Дочитал до конца и как-то странно успокоился, с облегчением засмеялся — будто прорвал гнойник, недолго, но сильно болевший. Ай да Мишка, ай да шустрик! Словно бы и безобидно, но — в яблочко! Разве не должны разбираться с сигналом доктора наук, профессора? А пока будут читать, рецензировать, выдвижение мое в академию задержат. Кажется, уже задержали.

Валя протянула руку. Не дать ей письмо в присутствии гостя я не мог. Передал бы мне сей опус Снегирь наедине, я бы, конечно, постарался утаить его от жены: зачем ей лишние волнения!

Николай меж тем удивился:

— Спокойный вы человек, Павел Иванович. Завидую я вам. У меня, молодого, после чтения этого подленького сочинения три дня давление держалось. Вы что, поссорились?

— Нет. Дружим по-прежнему.

— Что же им руководило?

— Зависть, — гневно сказала Валя. Она, как и я, глянула сначала на подпись. — Павла Ивановича хотят избрать членкором.

Снегирь всплеснул руками:

— О святой Михаил! Мне же говорили про выдвижение. А я, пустой улей, не сообразил. Проклятая зависть! Сколько она калечит душ! Что вы скажете ему?

— Ничего этот лопух не скажет!

Я даже вздрогнул от Валиной грубости, никогда она при гостях так не «величала» меня.

— Он будет целоваться с ним.

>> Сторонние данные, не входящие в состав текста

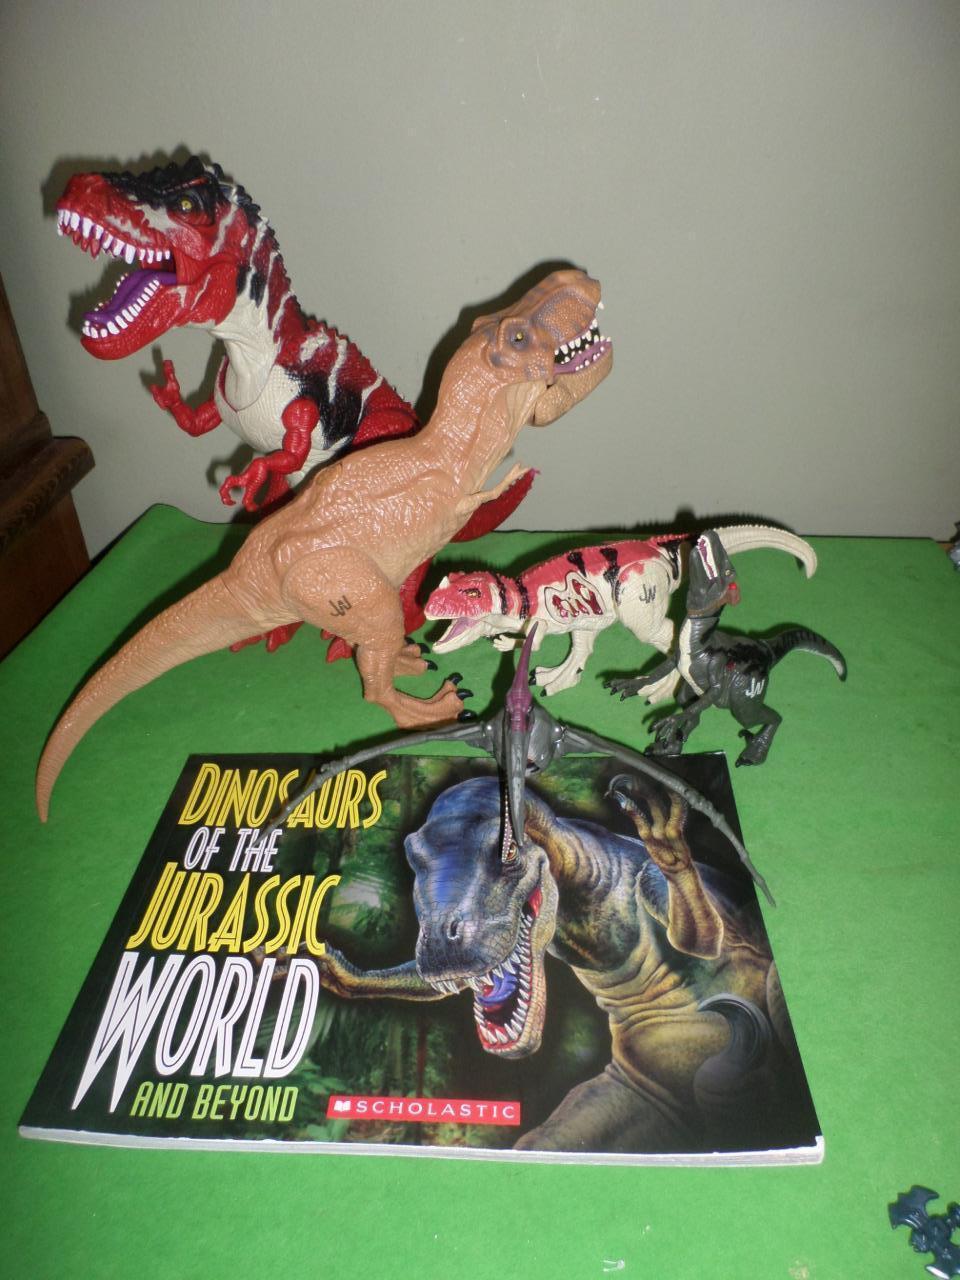 Jurrassic world dinosaurier pteranodon ceratosaurus velociraptor t - rex selten viel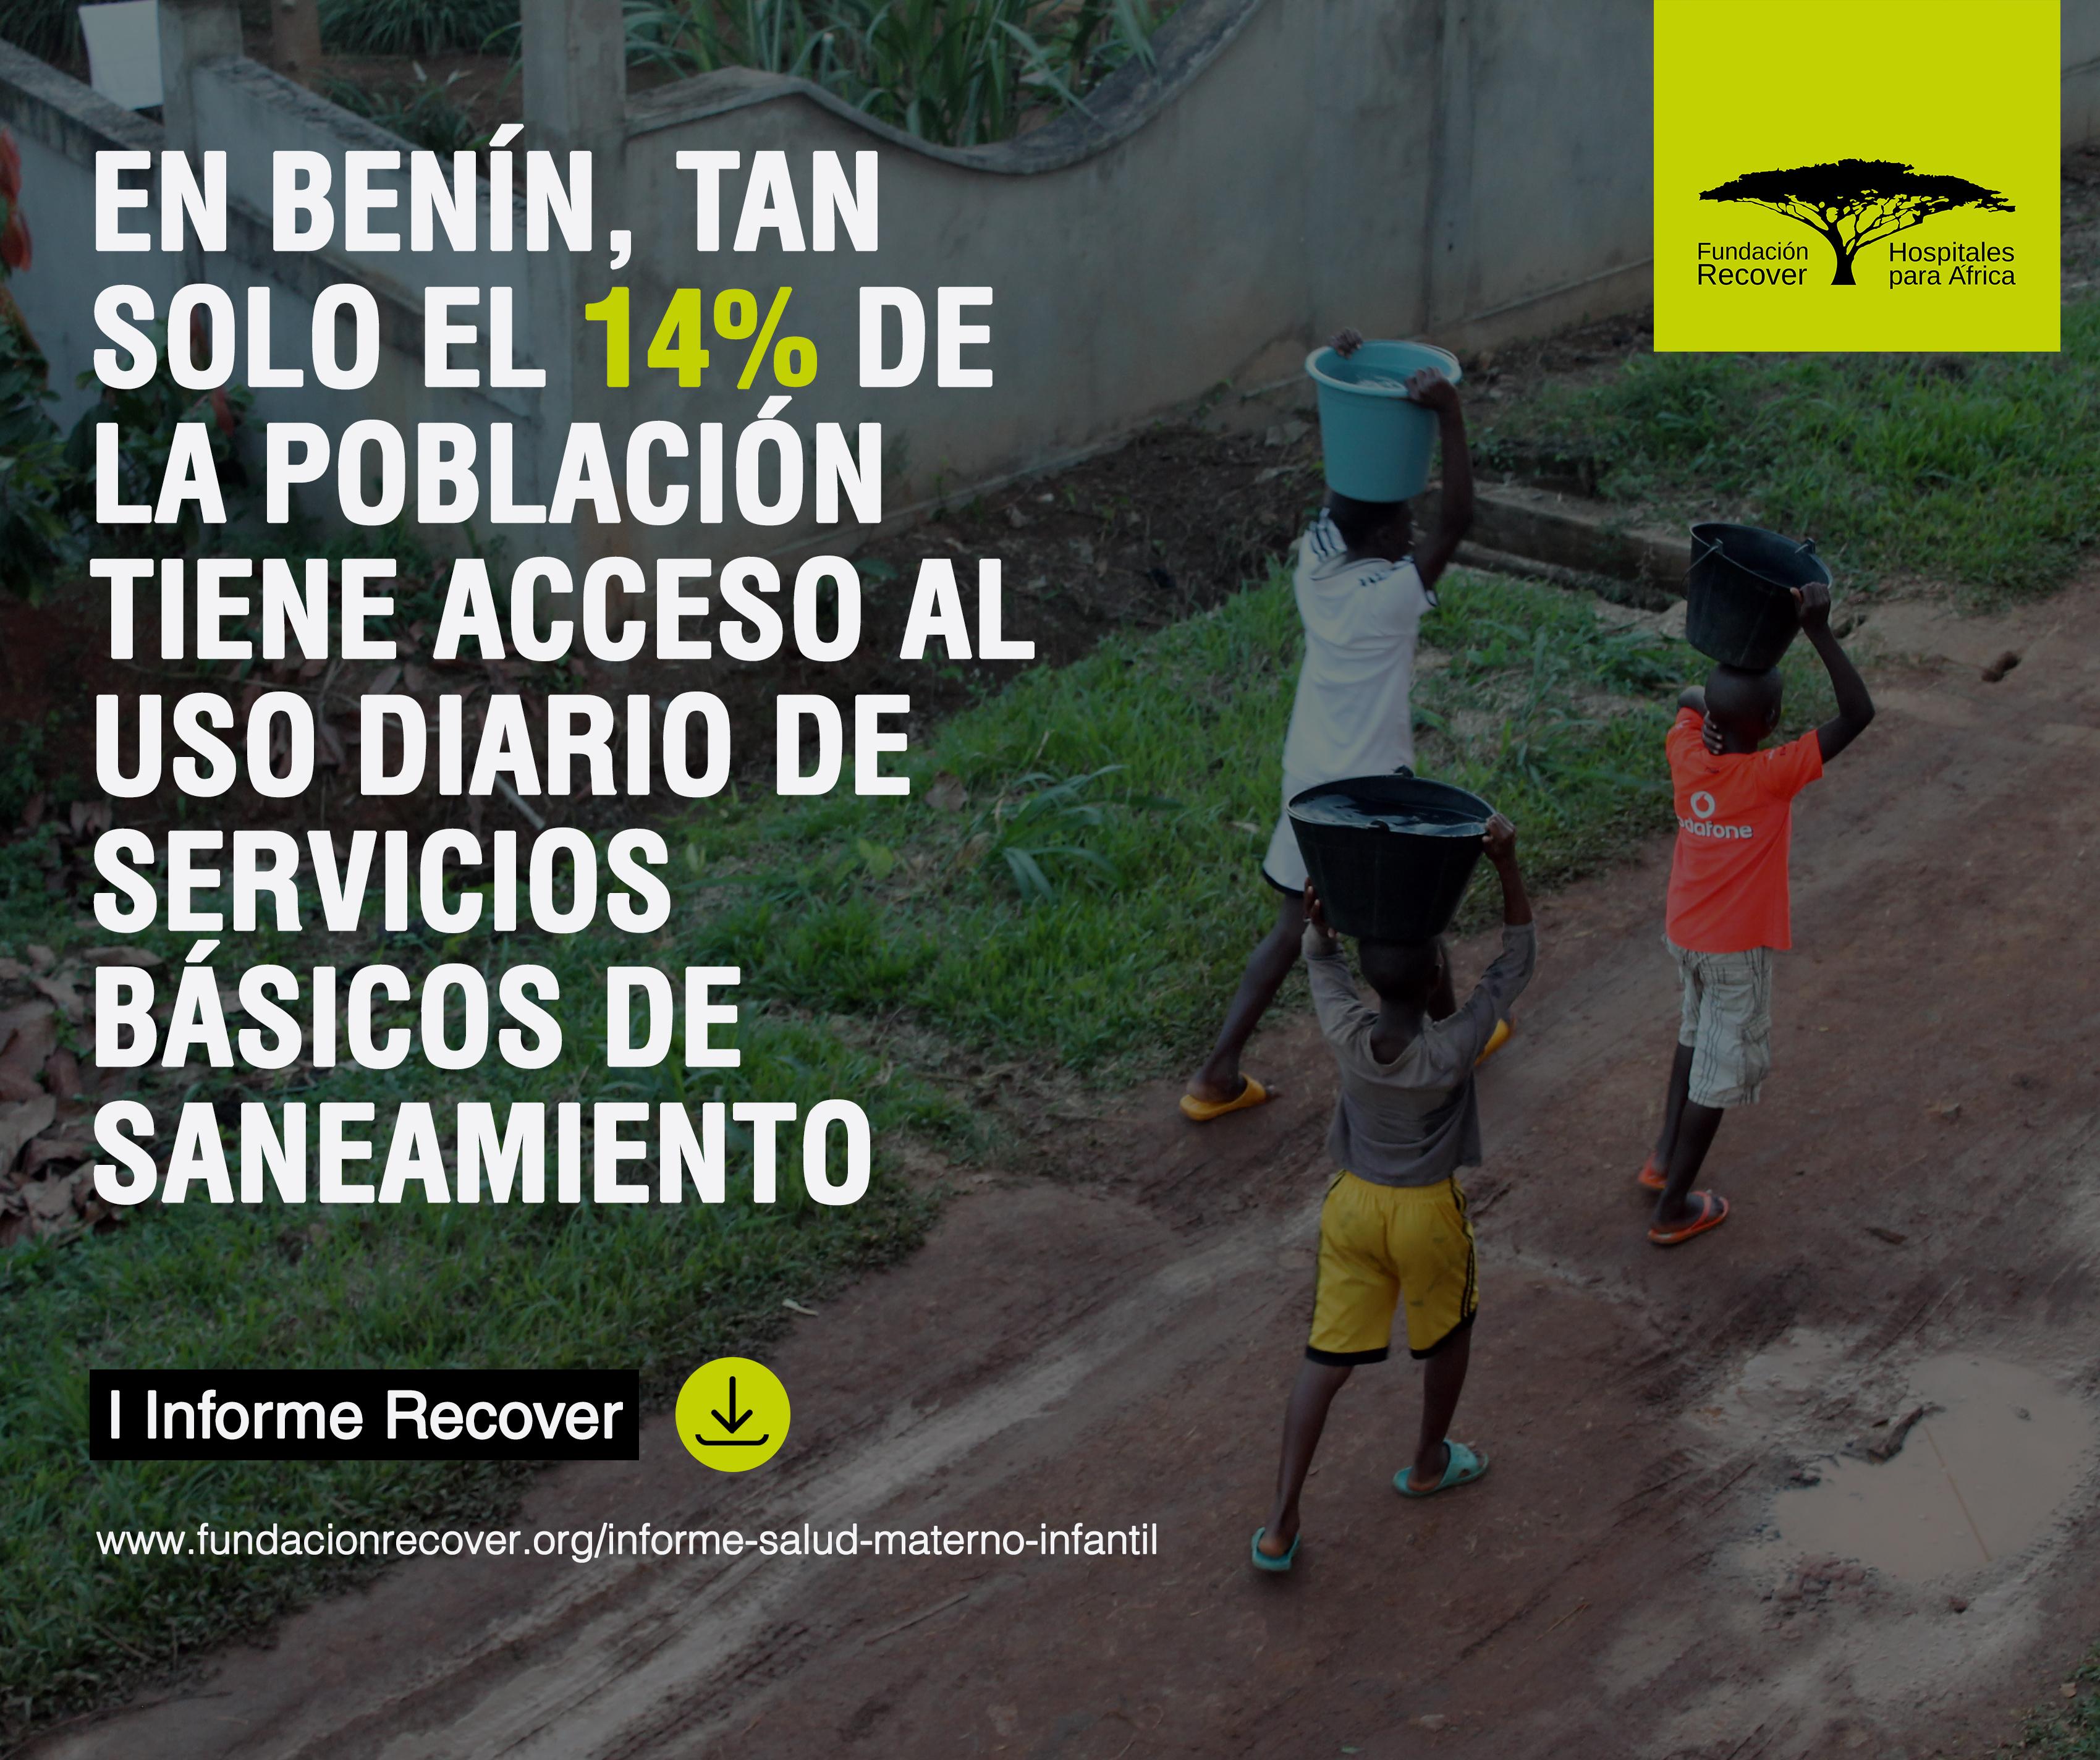 Frases Informe Recover Agua Y Saneamiento Facebook

Если вы, Микола, хотите увидеть живого толстовца — так он перед вами.

— Да нет, я не назвал бы Павла Ивановича толстовцем.

Когда он ушел, Валя наградила меня такими эпитетами, какие я редко слышал от нее, разве в молодости, когда она могла еще приревновать к другим женщинам. Даже маленькая Михалинка возмутилась:

— Буля-куля, не ругай моего дедушку, он будет плакать. И я с ним.

— Твоего деда нужно не ругать, а палкой бить, — немного смягчилась жена.

— Я тебя за ухо укушу!

— Смотри, какую защитницу себе воспитал! Но не думай, что она будет похожа на тебя. Она уже сейчас умнее. Боже! И он еще улыбается, будто ничего не случилось.

— А что случилось? Михал не всегда прочитывал мои книги, а тут явно прочитал, и довольно внимательно.

— Не юродствуй! Померяй мне давление.

— Пожалуйста, не нагоняй его глупостью.

— Ты готов любую подлость назвать глупостью.

В конце концов, измерив давление и дав Вале адельфан, я уговорил ее оставить историю с письмом Петровского в тайне. Выводы насчет друга сделаем для себя — на будущее.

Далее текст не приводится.